Un par de minutos en silencio y ya nadie mensajea, tampoco nada llama la atención ahora en el celu. Sigo escribiendo. Cuando pienso en épocas pasadas y escribo que la sociedad era otra y mejor y más amorosa me pongo anticuado y molesto, irritable, sobre todo. La vista es lo mejor de este departamento de mierda, me pierdo entre las antenas y las nubes y voy calculando cuánto tardaría aquella nube en pasar de largo de esa otra antena y así. Salto de una construcción a la otra y, a decir verdad, me divierto. Me olvido de aquello de aburrirse y me divierto mucho. Retomo la escritura ahora, un poco más liviano de pensamiento. Esta vez escribo un poco más y me quedo conforme con el boceto. No tengo grandes expectativas con este texto. No siempre escribe uno su Mona Lisa.

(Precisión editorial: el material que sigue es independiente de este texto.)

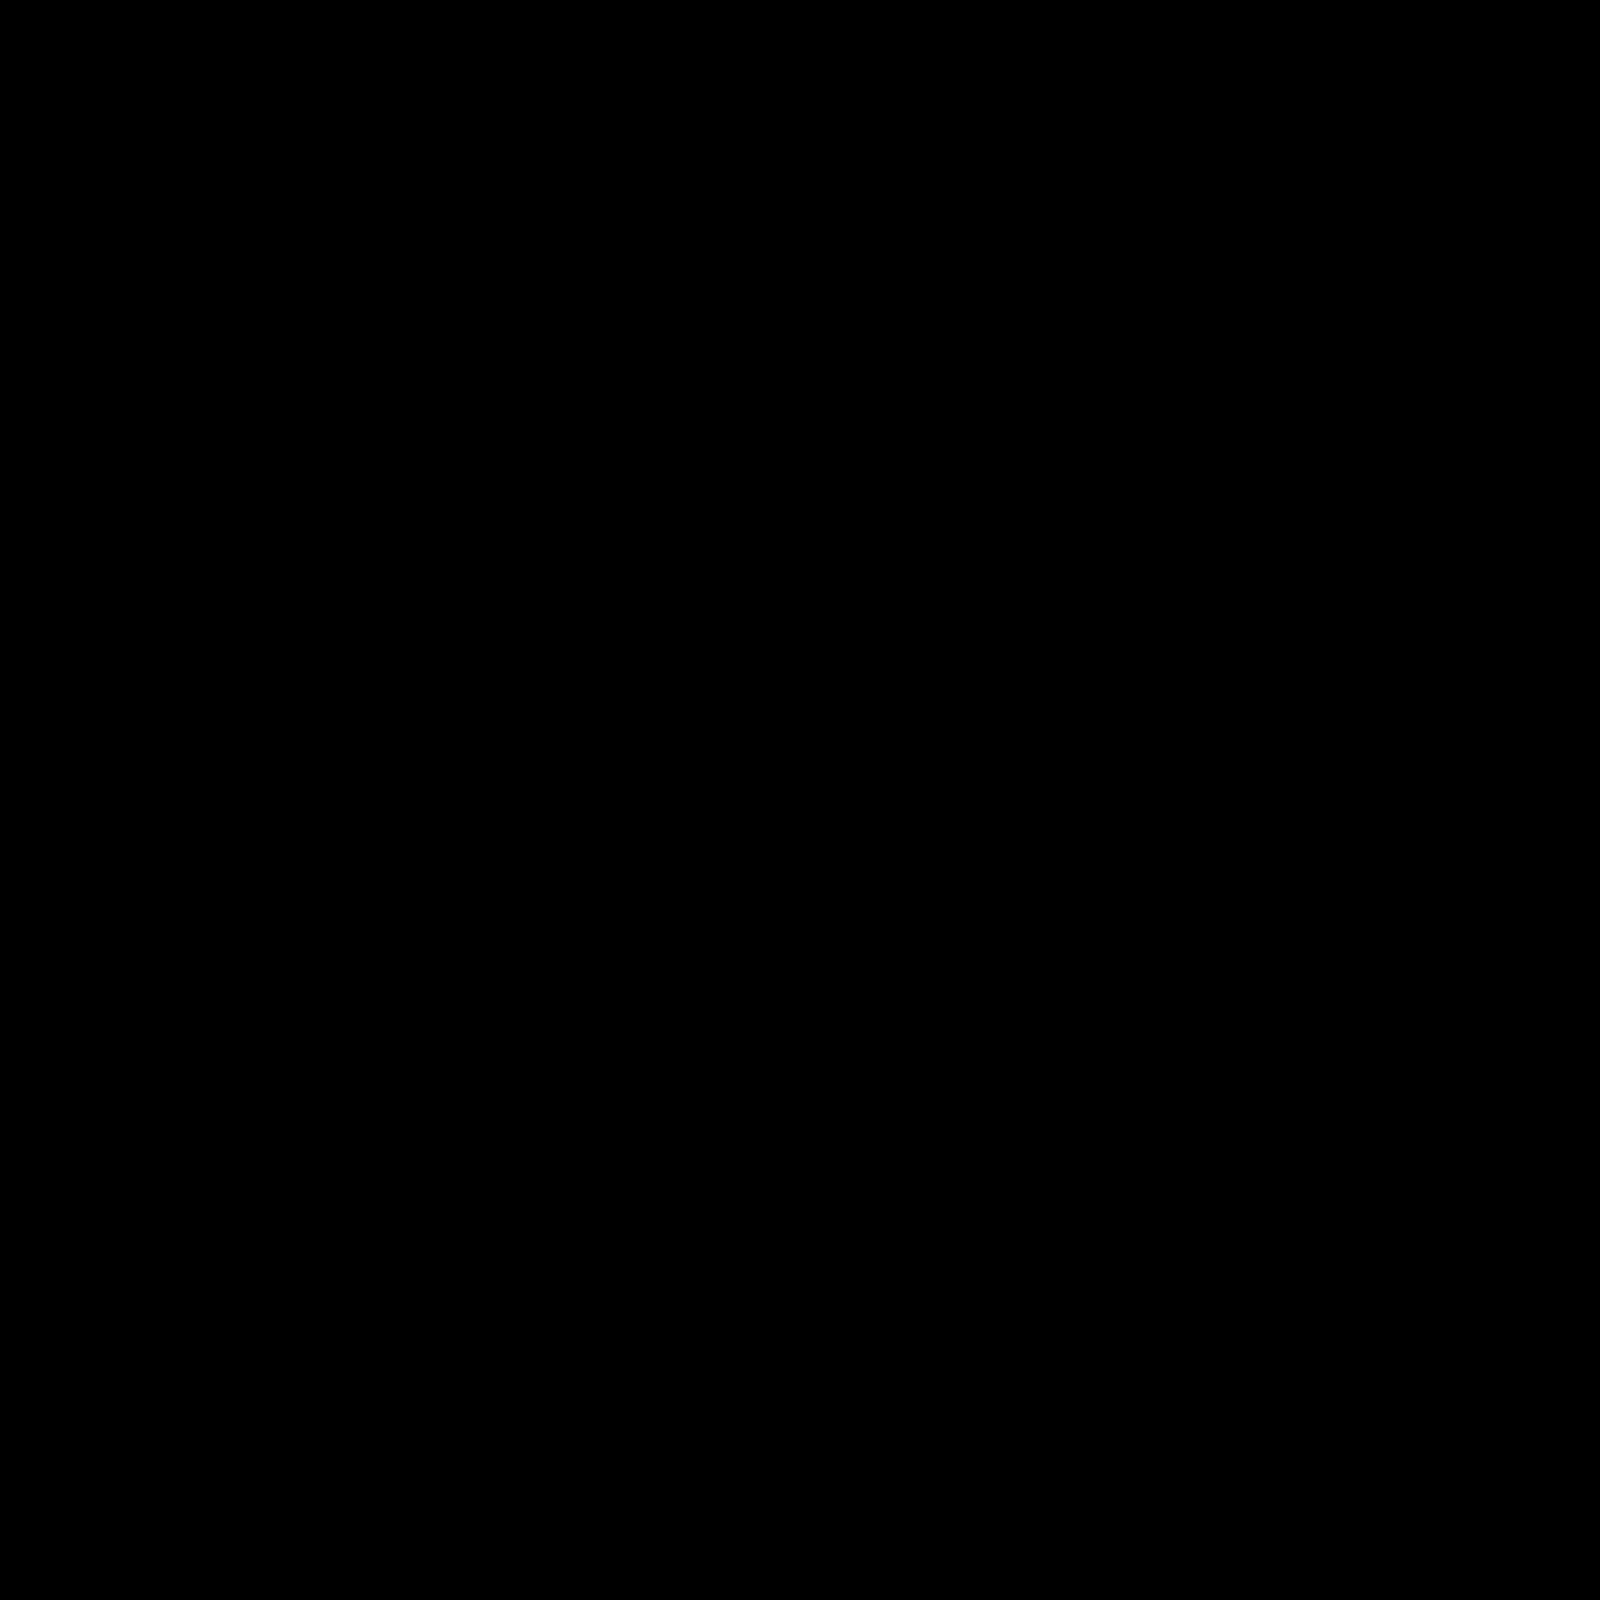 Nowy szablon CV icon

Mandale este texto a la persona que te gusta. Me estoy quedando sin batería, sin energía, atrás.
Me estoy quedando. Atrás, de todo. Del modernismo, de las ideas, del viaje a la playa, de una buena selfi. ¿Mandale este texto a la persona que te gusta? ¿Pero quién soy? ¿El Rey del amor? ¿El Gurú Cibernético de las Relaciones Interpersonales?
Te va a llegar igual el texto, te lo van a mandar, estoy seguro. Pero vos ni bola. Estás ahí, toda atravesada, por las películas, por las canciones, por los libros, por esos anteojos que usás de vez en cuando los fines de semana. Por todo eso que te causa, que es especial, que es indistinto, a lo que pinte, a lo que otorguen.
El mundo duele, es así, vamos a decirlo. Los árboles se queman, los límites se doblan, las sábanas se enredan, las ganas se amontonan. Y las novelas que leímos se ríen de nosotros. Se matan de risa. Es que es muy raro lo que hacemos. Te mandan un texto de un flaco que no conocés, ¿para qué? ¿Para declararte algo? ¿Qué es eso? Es raro. Es complejo. Y es así. El mundo sigue, y nadie parece detenerse.
Ahora hay como una neblina que viste a Buenos Aires y la cubre de todo de un manto nublado y nubloso, si se me permite la expresión. Será que todo este tiempo fuiste la idea más linda.
Y ahora que estás lejos, ya no te puedo ni pensar.